Susan Peterson (36) and Stella (10 months)
Aurora, Ohio | Photographed in Austin, TX
Susan -
"For most of my life, and even throughout pregnancy, my body has been a strong, agile, reliable friend. I’ve never been what one would describe as willowy or thin or lanky -- but I have been muscular, curvy, athletic, graceful, coordinated. Until now. My daughter, Stella, is ten months old, and my feelings about my postpartum body surface when I’m baby-talking to her. In that singsongy voice reserved for one-sided conversations with preverbal children, I ask her, “Did you take all my youth and beauty? Did you take it?”
In my first couple months postpartum, I was feeling confident that I’d regain my strength, lose weight, and maybe even be thinner than I was before I got pregnant, since I’d be breastfeeding. My mother told that when you are breastfeeding, it’s the only time in your life you can actually lose fat cells -- not just shrink them. My mother-in-law told me, “She will eat you up.” The extra weight did not effortlessly melt away.
At seven months postpartum, I was feeling pretty low. I alternated between two muumuus, ashamed of and exasperated by the extra weight, my floppy midsection, chalky complexion and stooped posture. I felt like even my soul was frumpy. I remember getting a haircut around this time. The extra-wide, extra-tall full length mirror at the salon accused me for an hour. When my hairdresser suggested some highlights to show off my new cut, I said, “I don’t want anyone to see me.” I left the salon anxious, agitated, depressed. I also carried a new base load of low-grade pain and discomfort. I had plantar fasciitis, aching hands and wrists and a burning tightness in my shoulders, neck and back. I had painful scar tissue at the opening of my vagina that had to be manually broken up by a physical therapist. I had difficulty practicing the kinds of exercise I did before, in part because I had a small abdominal separation and in part because I simply lacked energy.
I was also struggling to adapt to a new, more modest professional identity. I had planned to go back to work full-time after Stella was born, but I made the choice to step down from a director position and move into a part-time role so I could stay home a couple days a week. My decision surprised me: While I’d been excited to be the mother of a young adult, my expectations for infancy had been pretty low. I’d imagined a fair amount of boredom and drudgery. Instead, I was insatiably curious about Stella, completely in love -- I felt a primal urgency to spend unhurried, unstructured time with her. After I made the change, I was grateful my organization and my family could support my part-time schedule and I loved my time at home, but I missed my clout and influence at work and felt self-critical about my failure to “lean in.” When people asked me about my new work arrangement, I usually opened my explanation flippantly, saying, “Well, I’ve gutted myself professionally.”

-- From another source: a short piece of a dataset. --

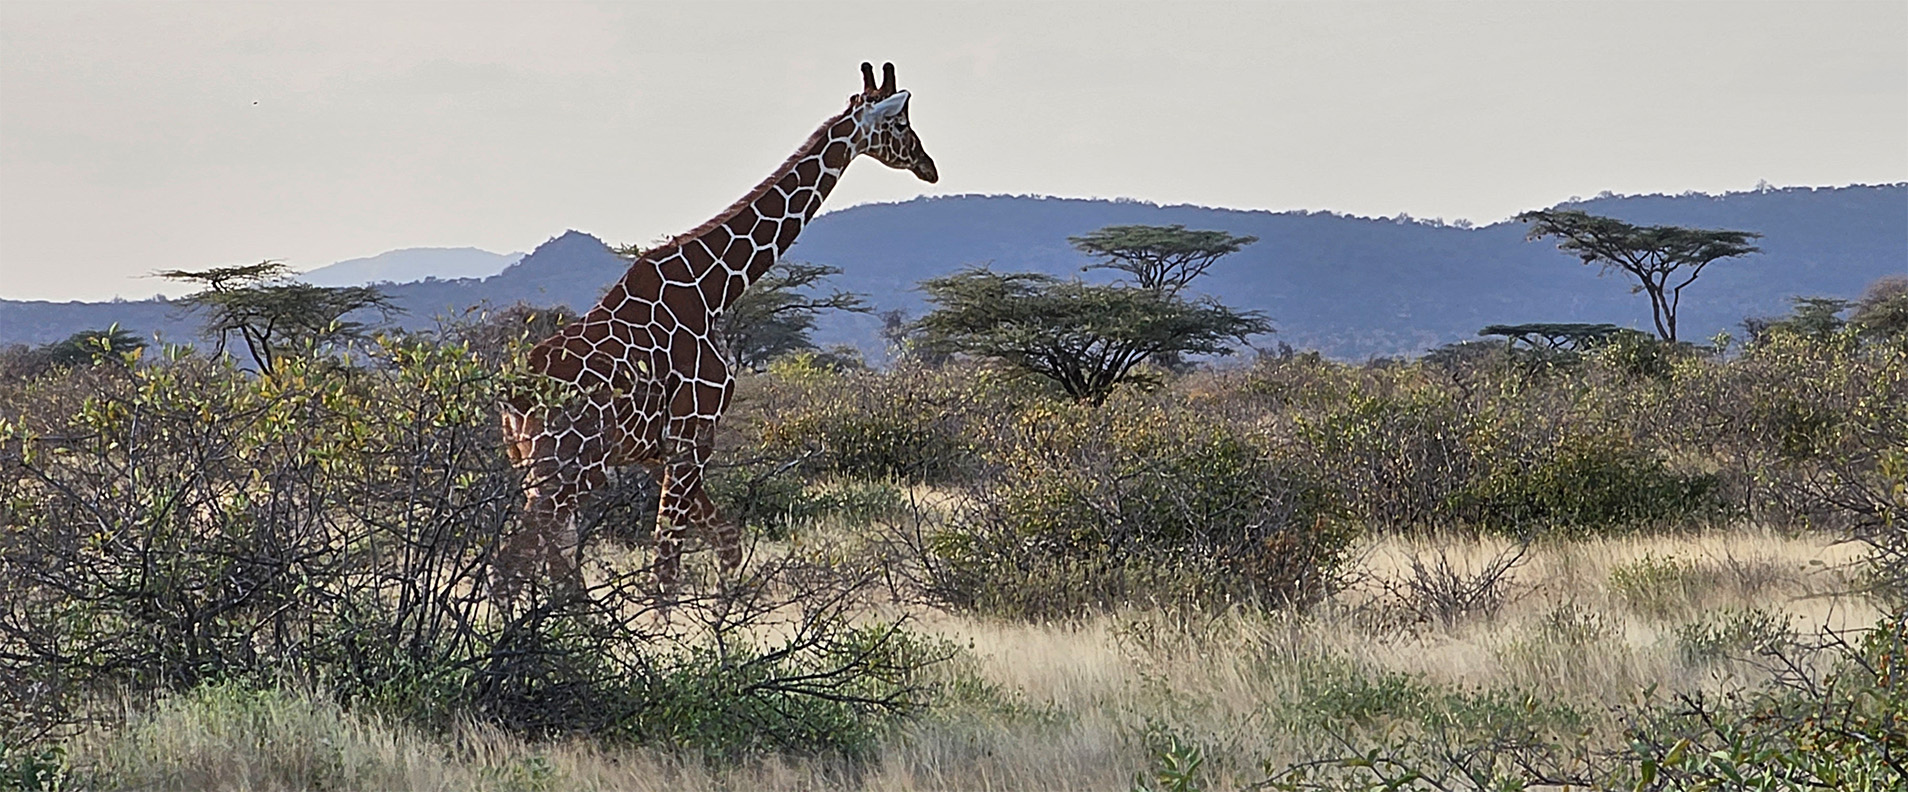 Beautiful Adult Giraffe In Africa on Safari
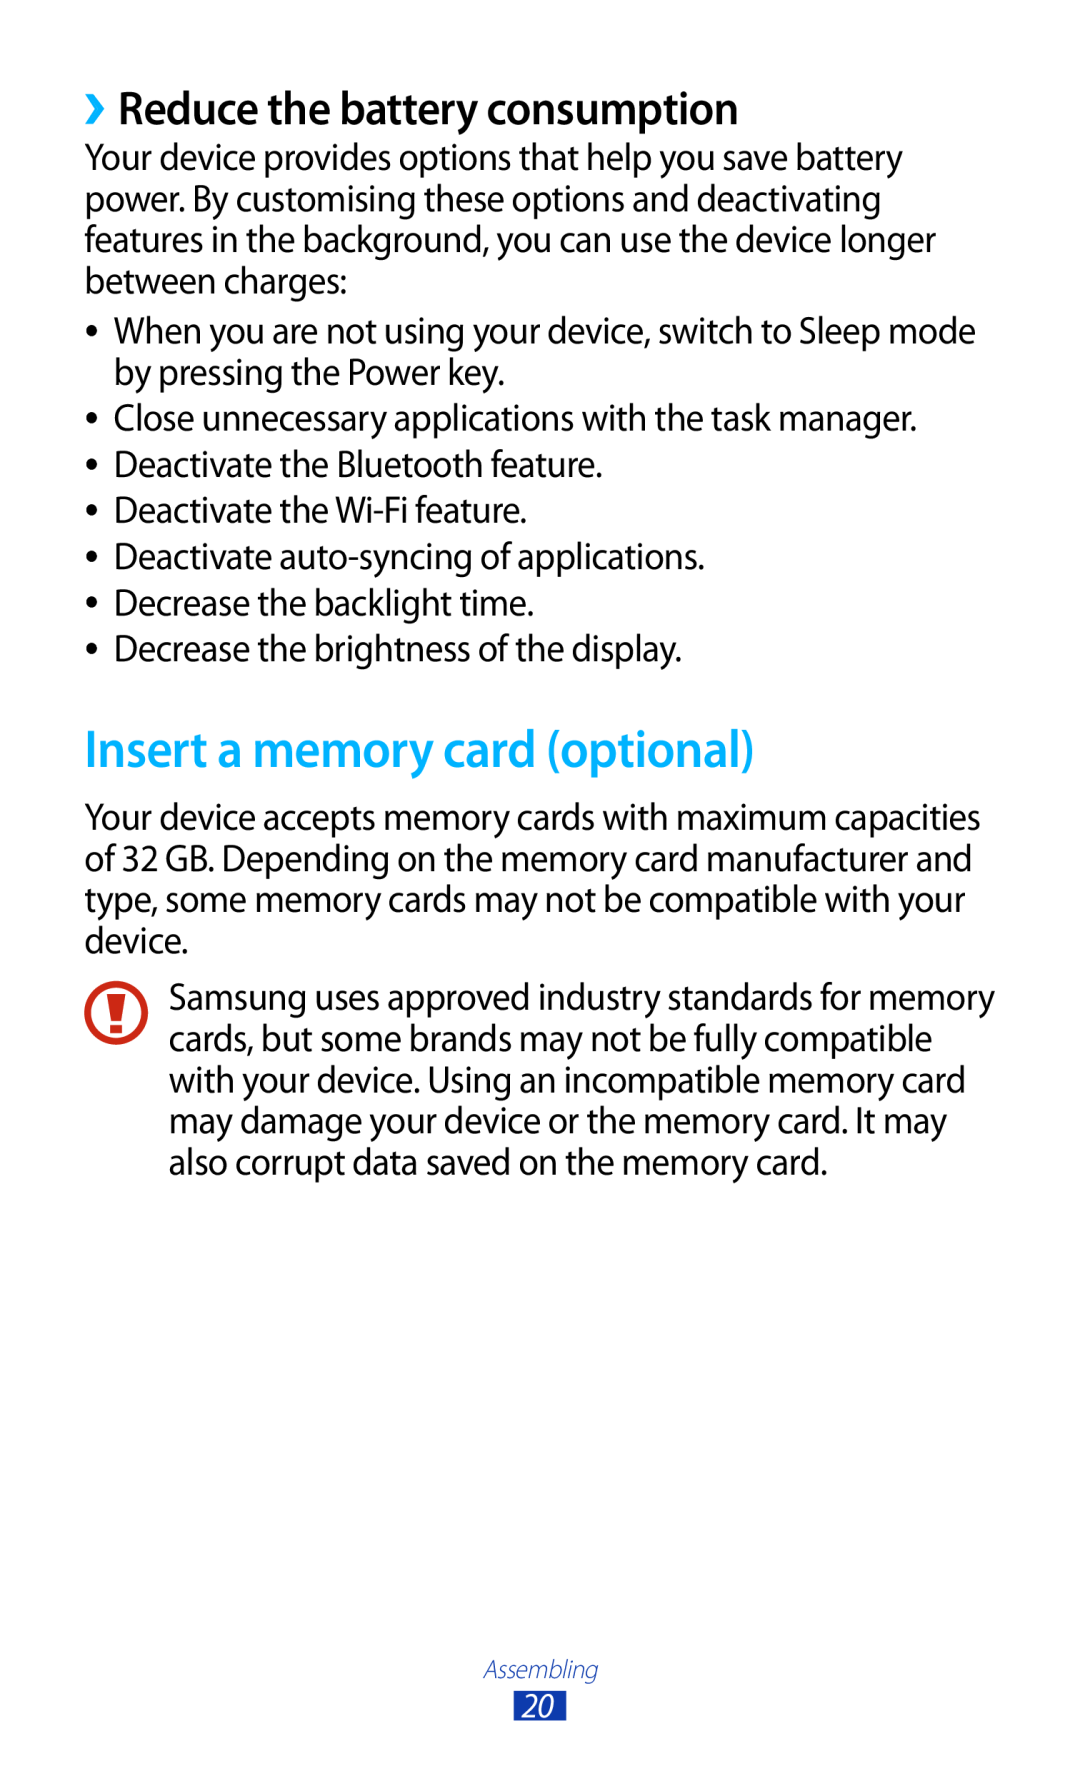 Samsung GT-S7560UWAXEF, GT-S7560ZKAVDR, GT-S7560ZKAPRT manual Insert a memory card optional, ››Reduce the battery consumption

Now, at ten months postpartum, things have shifted again. I feel fond nostalgia for the intense, fugue-state early weeks with my tiny infant daughter and I’m also enjoying a little more strength and freedom. My body is making less milk now as Stella eats more solid food and I both celebrate and mourn the lost closeness. My abdominal muscles are knitting back together. I have lost some weight, though my belly is still squishier than it was before. I have taken my first postpartum bike ride and humbly returned to running. I can leave the house after 7:00 p.m. since Stella sleeps through the night now, though I don’t often want to.
You will share everything: Your bed. Your breasts. Your diminished energy. Your carry-on suitcase. Your breakfast. The insides of your ears, mouth, bellybutton -- they are all fair game. This sharing is intimate and painful and frustrating and riotously fun. We have shared hundreds of walks and several snotty colds. We share space in my drawers and on my shelves. For a couple weeks, Stella would scream if I closed the bathroom door behind me, so I shared the bathroom with her, where she would pull up on the toilet as I sat on it and grab at my pubic hair as I peed. It seemed barely possible to continue sharing my milk with Stella while I had mastitis, but I nursed and pumped through it.
My husband, Sebastian, and I are celebrating -- and documenting -- these first months of Stella’s life with a great deal of tenderheartedness. We feel joy over exciting changes (rolling over, walking, first words) and softness toward difficult changes (teething, tantrums, messy solid food poos). The changes to my life and body have arguably been as fast and dramatic, but I have too often experienced them as disappointments. I am here as a gesture of goodwill toward myself, to celebrate and document my own changes with a little more gentleness."